In the code above, we saved Honda class to "foo.pdp" using SixxWriteStream and its nextPut method.
When you save Honda class, any methods, variables, and subclasses (basically everything in it) will be saved to "foo.pdp"
Basically, you can save a whole junk of stuff into a file using three lines of code. Just make sure you have everything in a class, and save that class.

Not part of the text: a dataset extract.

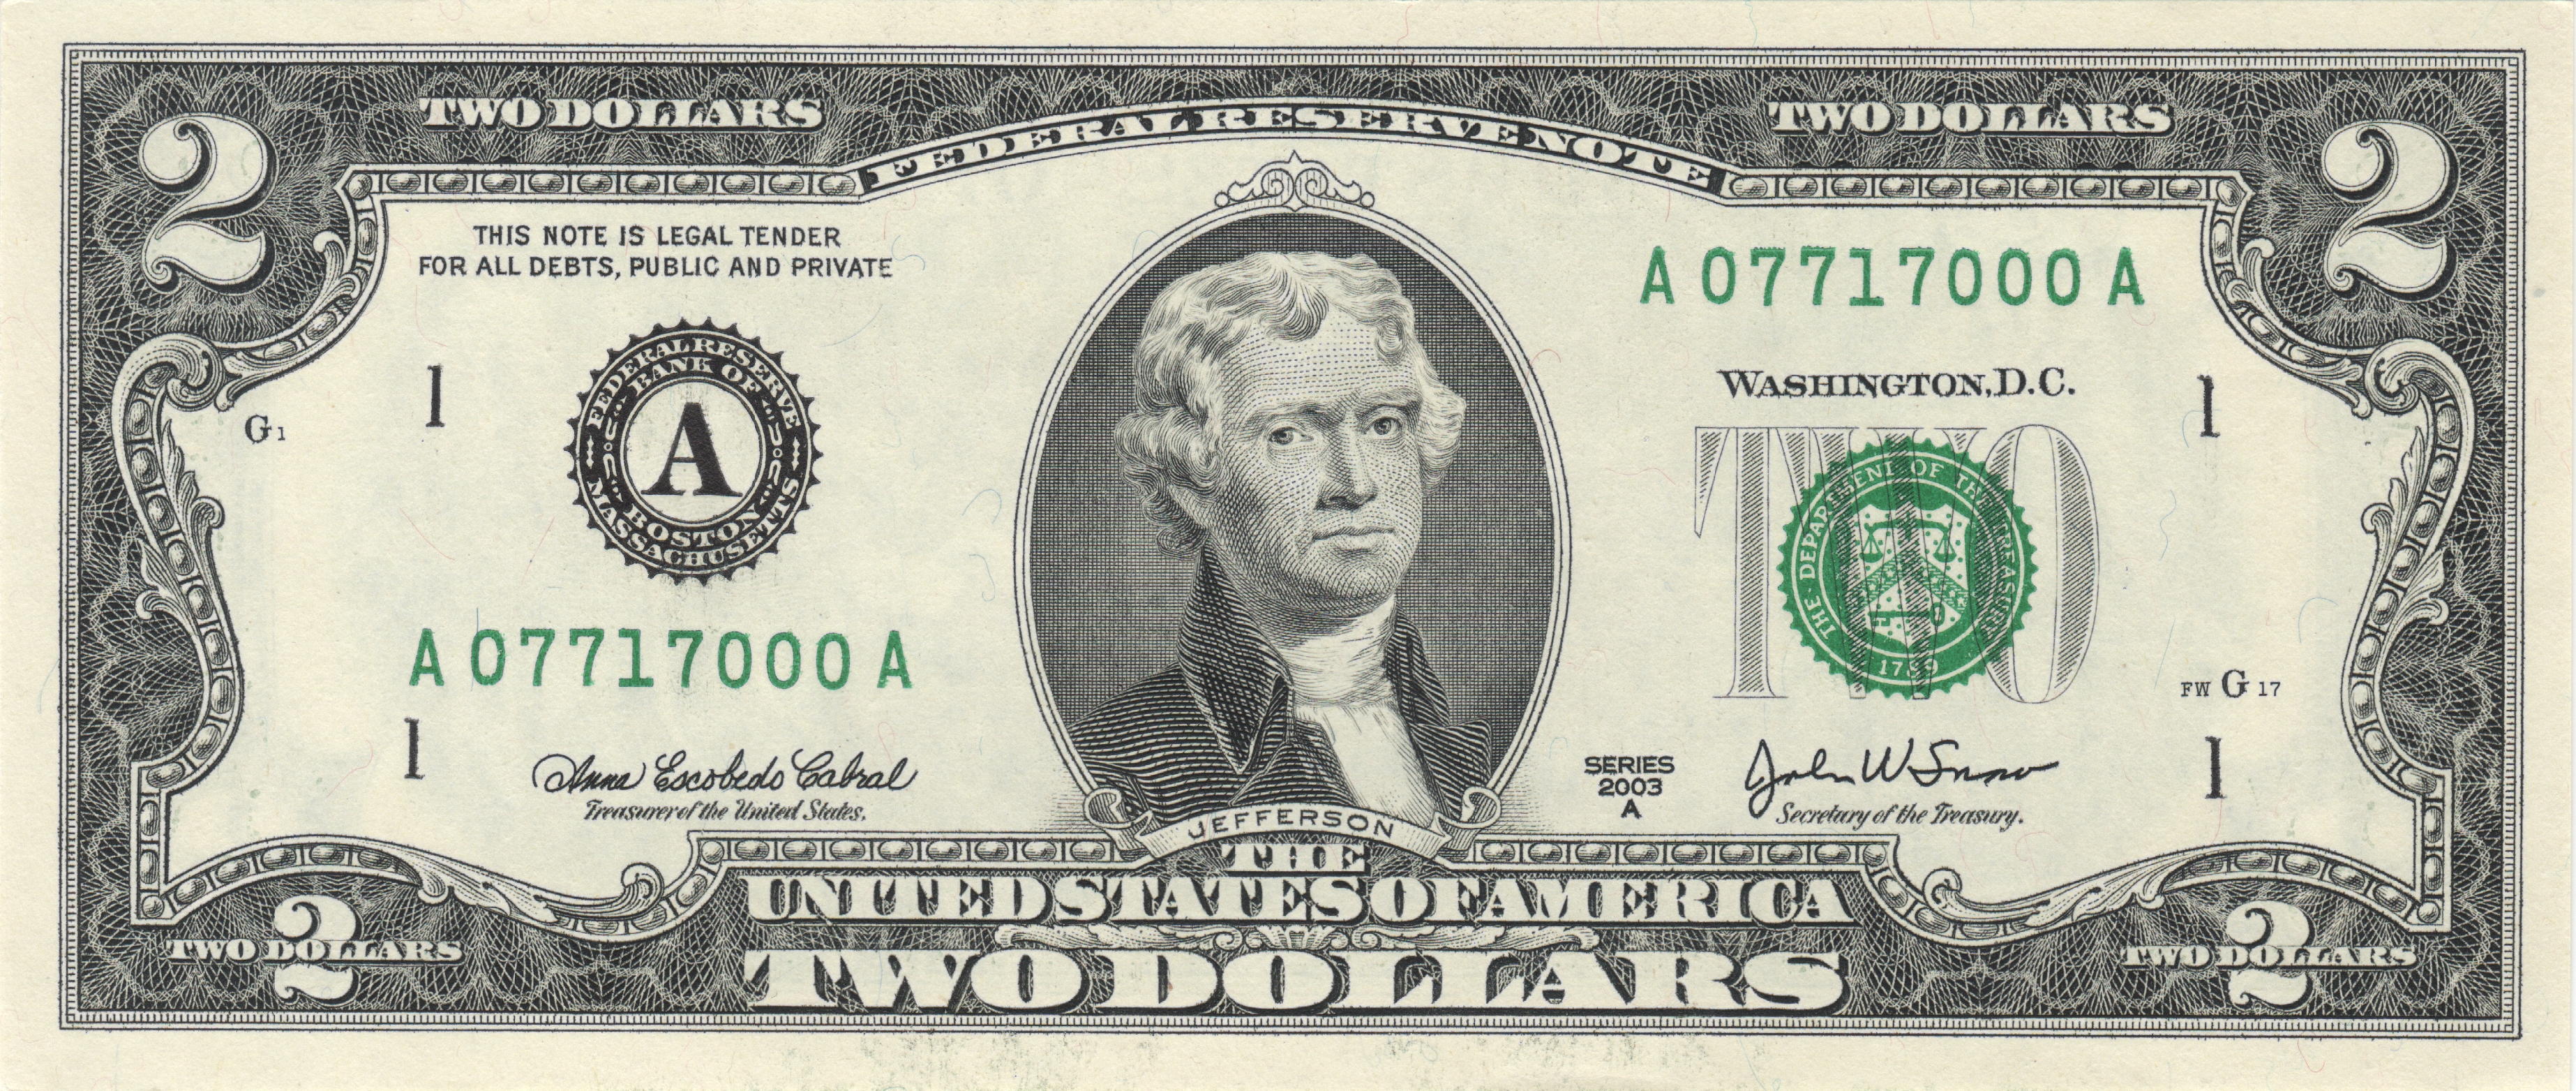 2003 $2 bill

Also, you can save multiple classes into a file. Say, you want to save Toyota class.
Then, all you have to do is, add "sws nextPut: Toyota."
 	( filename isNil ) ifFalse: [sws nextPut: Honda. sws nextPut: Toyota]. "Saving the Honda class"


So, basic saving is done.

Loading your saved classes
Loading is very similar to saving procedure. You will open a file using the friendly Windows "open a file" procedure. Then, you will have to read the file using SixxReadStream. Then, restore everything.
See the code below.


open
	"load the saved project"
	|srs savedstuff dialog filename aHonda aToyota|
        "again, code for the familiar "open a file" dialog."
	dialog := OpenFileDialog new.
	dialog
		acceptButtonLabel: 'Load Project File';
		addFileFilter: 'Car Manufaturer's Project File (*.pdp)' pattern: '*.pdp';
		defaultExtension: 'pdp';
		fileCondition: #mustBeOld;
		windowTitle: 'Open Project File:'.
	filename := ( dialog open )
		ifTrue: [dialog selection]
		ifFalse: [nil].
	( filename isNil ) ifFalse: [
                "use SixxReadStream to read the file."
		srs := SixxReadStream readOnlyFileNamed: filename.
		savedstuff := srs contents.
		srs close.
	 	aHonda := (savedstuff at: 1). "restores saved Honda"
                aToyota := (savedstuff at: 2). "restores saved Toyota"
                ].


You have to be careful when you load stuff. "srs" field contains the loaded stuff. To restore classes, you need to call the contents of "srs". We stored this contents to "savedstuff" field.
"savedstuff" field contains multiple classes in it. We saved Honda and then Toyota.
So, "savedstuff at: 1" contains Honda, and "savedstuff at: 2" contains Toyota.
You have to be aware of the order you saved your classes.

Then, the loading is done! Just have the method applied in a GUI component.

This tutorial covers only basic stuff.
But, my group found that codes above are enough to cover milestone requirements. But, it is up to you for how you want your things saved and loaded.